News from OpenAI: the company that develops ChatGPT and Sora has officially announced the launch of two new and very powerful AI models in the near future, GPT-o3 And GPT-o3-minirespectively the successors to the o1 and o1-mini models released earlier this year. The idea of OpenAI is launch o3-mini by the end of January and later also make the o3 model available. According to what was declared by the company managed by Sam Altmanthe o3 model, at least in certain conditions, comes close to the concept of AGI (Artificial General Intelligence): with this acronym we refer to a sort of “artificial super intelligence” capable of having very high reasoning capabilities, far superior to “traditional” AI models.
The models were trained using thereinforcement learning reinforcement learningwhich allows the algorithm to “think” before providing the most accurate answer.

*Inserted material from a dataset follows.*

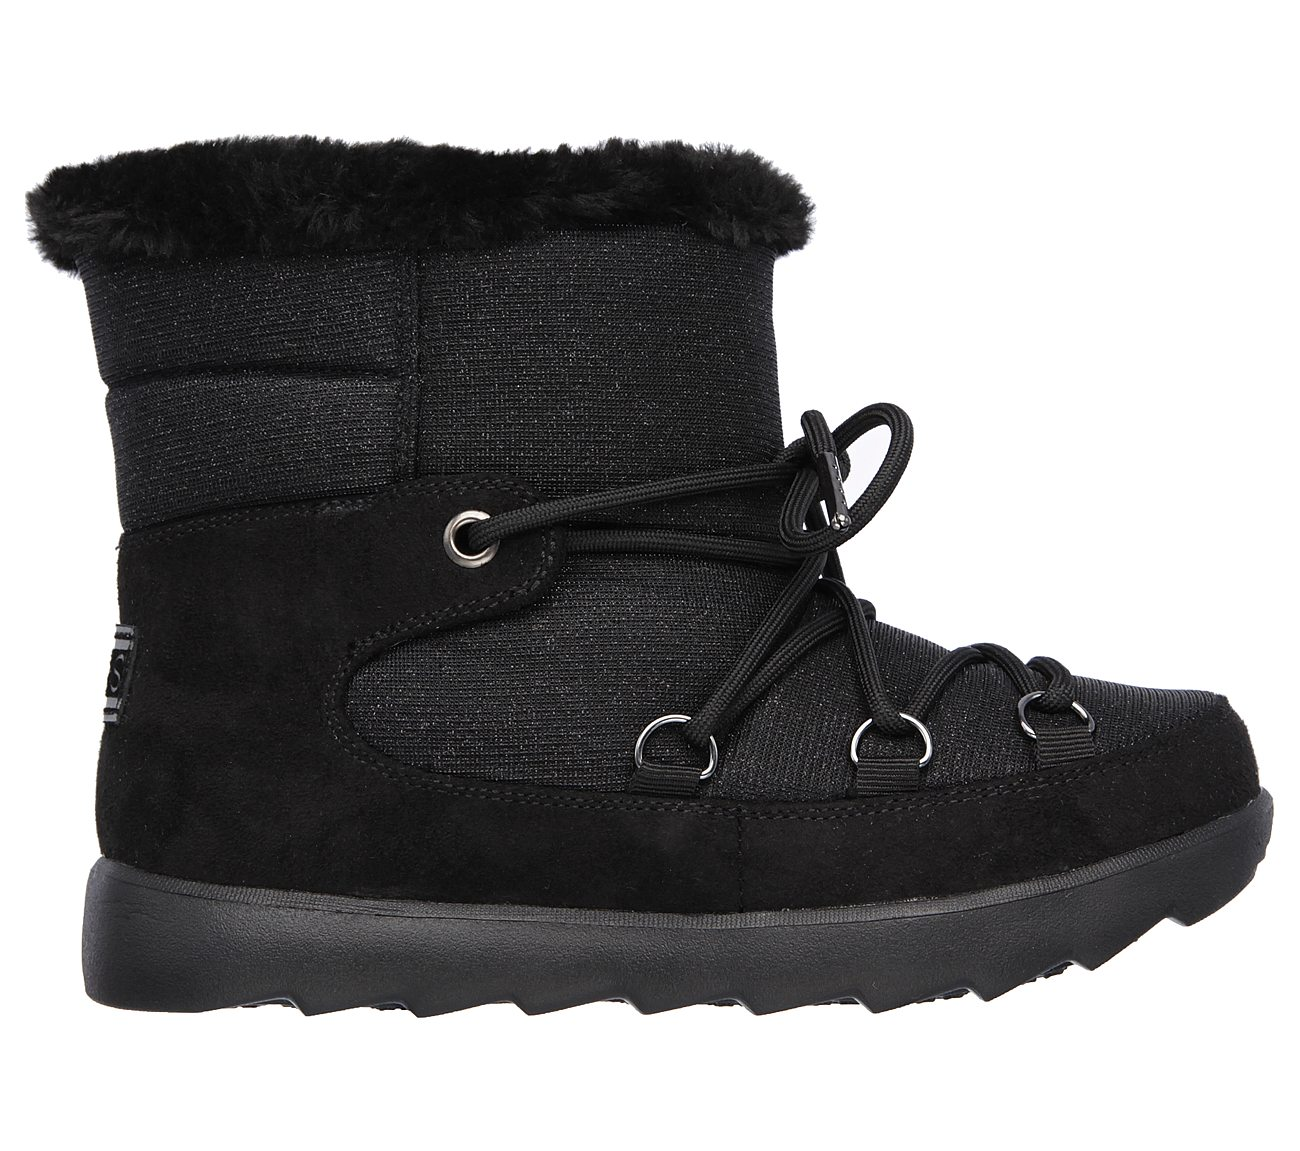 Buy SKECHERS BOBS Mementos - Snowcap BOBS Shoes only  38.00 93ac130eefcd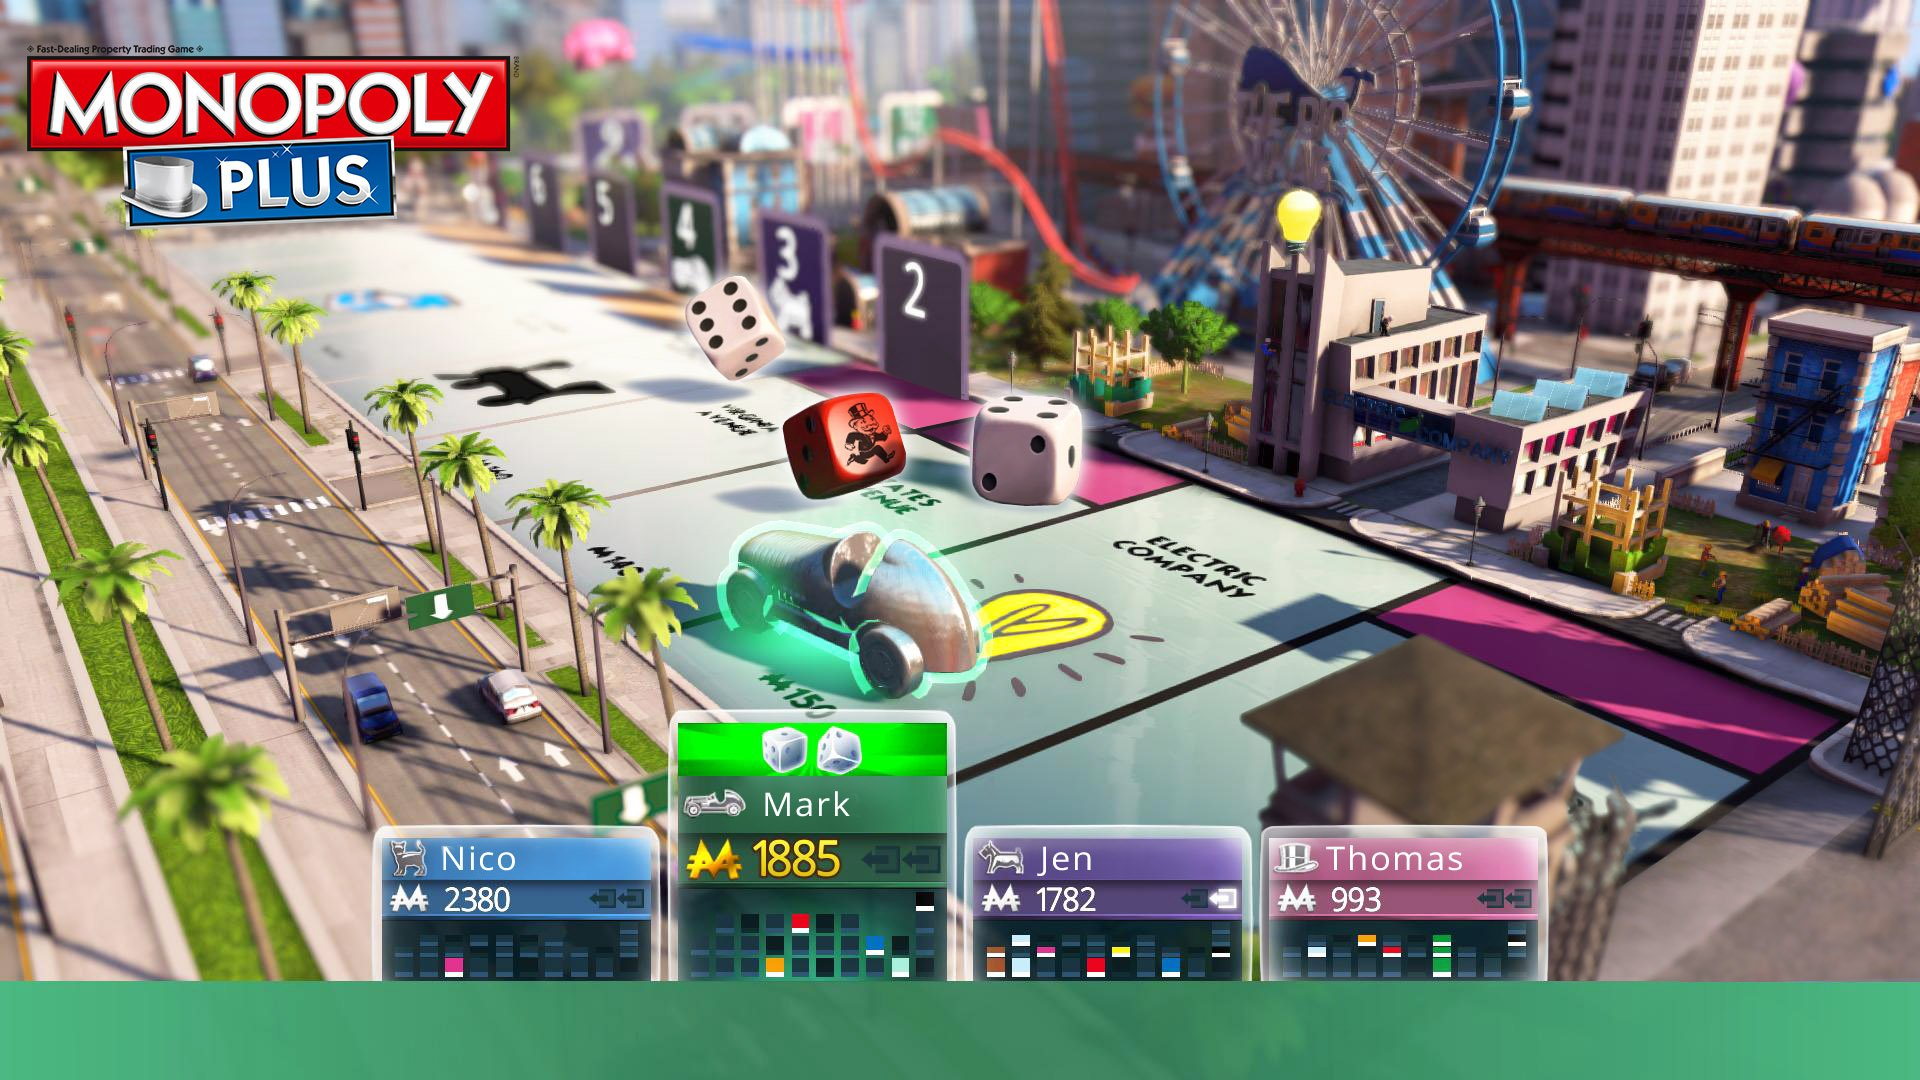 HBG Monopoly Plus Screens 4

At the moment neither o3 nor o3-mini are yet available on a large scale, as they are reserved for security researchers, who can register to preview their security.
What the new AI o3 and o3-mini models can do: features and functionality
Compared to the previous model, o3 introduces a better fact-checking abilityan adjustment of reasoning time and a clear improvement in areas of use relating to fields such as mathematicsthe sciencethe physics and the writing code. However, this computational power requires a high cost in terms of resources which causes some latency, rendering the model more suitable for complex tasks rather than general uses.
ChatGPT o3 represents an evolution in the artificial intelligence landscape for its reasoning-oriented approach. The model is in fact capable of “think” before answeringdeveloping a chain of thought that analyzes a problem from different perspectives. This process not only improves the reliability of the outputs, but allows the model to tackle complex problems with greater precision compared to “traditional” models. Suffice it to say, for example, that no model exceeds 2% of mathematical problems with the EpochAI’s Frontier Math testwhile o3 was able to achieve the 25.2%.
Furthermore, unlike its predecessors, o3 offers the possibility of “regulating” the time dedicated to reasoning: a longer time leads to better performance, although latency increases. This feature gives o3 more versatility and significantly distinguishes it from GPT-o1, which did not have this type of control.
There o3-mini versionon the other hand, represents a more compact and specific variant for targeted tasks. Although less powerful than o3, it is designed to provide a balance between efficiency and performancewhich makes it suitable for use in contexts where computational resources are limited. This distinction between the two models highlights OpenAI’s strategy to diversify the applications of artificial intelligence, making it accessible to different types of users and operational scenarios.
Another key element of the new o3 models concerns the ability to verify factsthus reducing the risk of the so-called “hallucinations” of artificial intelligence, i.e. apparently coherent but in fact incorrect responses. This verification, which does not completely eliminate the risk of hallucinations (let’s be clear), has a cost: the model takes longer to provide an answer compared to models that do not integrate reasoning. Despite this, initial tests show that o3 performs extraordinarily in mathematical and scientific benchmarksfar surpassing its predecessor and setting new standards in the industry.
Because the new GPT models bring us closer to AGI
OpenAI’s goal is clearly to get closer and closer toAGIa technology capable of carrying out any human task with a level of autonomy and competence comparable, or superior, to ours. The model o3 has already achieved notable scores on ARC-AGIa test designed to evaluate an AI system’s ability to efficiently learn new skills outside of the data it was trained on. Well, o3 got a score of 87.5% in the high compute setting, and in the worst-case scenario, the model tripled the performance of o1 (as highlighted in the following graph). Really not bad!
However, as pointed out by François Cholletcreator of the ARC-AGI benchmark, o3 struggles on simple tasks for humans, suggesting that we are still relatively far from AGI. Chollet, in this case, declared:
Early data suggests that the next benchmark will still represent a significant challenge for o3, potentially reducing its score to less than 30% even with high computation (while an intelligent human would still be able to capable of scoring above 95% without training) (…) We will know that AGI is reality when the possibility of creating tasks that are easy for normal humans but difficult for AI becomes simply impossible.
What happened to GPT-o2?
We conclude the in-depth analysis with a question that the most attentive of you will have already asked yourself. Cwhat happened to GPT-o2? Why did OpenAI “skip” this model by switching from GPT-o1 to GPT-o3? According to what was stated by The InformationOpenAI has discarded the use of the acronym “o2” for avoid possible legal problems with the British telecoms provider O2.